Andersson frowned. He thought for a long time before he finally said, “Jonny, you keep working on finding Linda. Fredrik, too. It feels like time is running out on us. Birgitta, did you reach Linda’s ex?”

“Yes, but only by phone. He’s taking a seminar in Borås and won’t be back until late tonight. He works for some kind of computer company.”

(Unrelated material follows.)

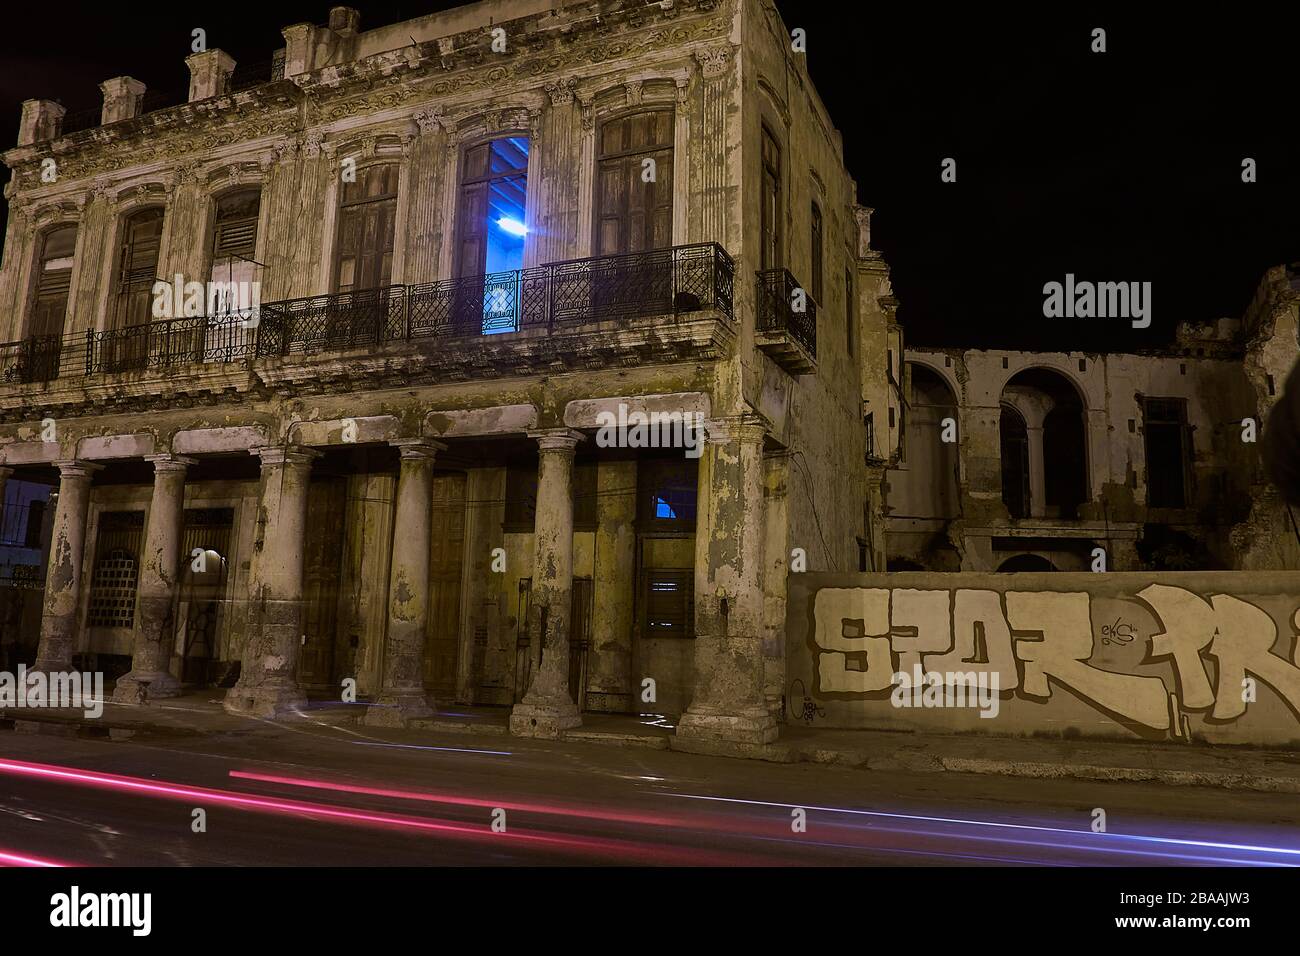 Nachtansicht des beleuchteten Blockgebäudes mit Streifen vorbeifahrender Ampel Stockfoto

“All right. You talk to that young man tomorrow. Take Jonny with you. Try to lean on him to see what he knows.”

“Okay,” said Birgitta.

Irene observed that Birgitta did not look at Jonny while she nodded. On the surface she didn’t show any discomfort, just seemed to accept the assignment. But Irene sensed the tension between Jonny and Birgitta, and she wondered why. Of course, all Jonny’s off-color jokes offended some people, but Irene hadn’t been a policewoman seventeen years for nothing. Her instincts told her there was more to it than that.

“Should we request a reverse search on Linda’s phone?” Birgitta asked.

“Reverse search?” Andersson echoed.

“Linda had an ID box on her phone, which, unfortunately, the cat destroyed. But we can ask the telephone company to check who called her phone number on the tenth of February.”

“Is that possible?” Andersson asked, surprised.

“Yes, but it’s not cheap. We have to go through the prosecutor’s office.”

“Inez Collin,” Andersson said gloomily.

“That’s right.”

Andersson sighed. “Okay. I’ll talk to Her Highness and arrange it. It sounds like something that won’t happen overnight, though.”

“I’ve got to leave at seven,” Irene put in. “But I want you to know that there were more than one person attending seminars on the night in question.”

She quickly explained the gist of her interview with Niklas Alexandersson, that he and Andreas Svärd were living together, and that she planned to interview them together in their home at seven-thirty.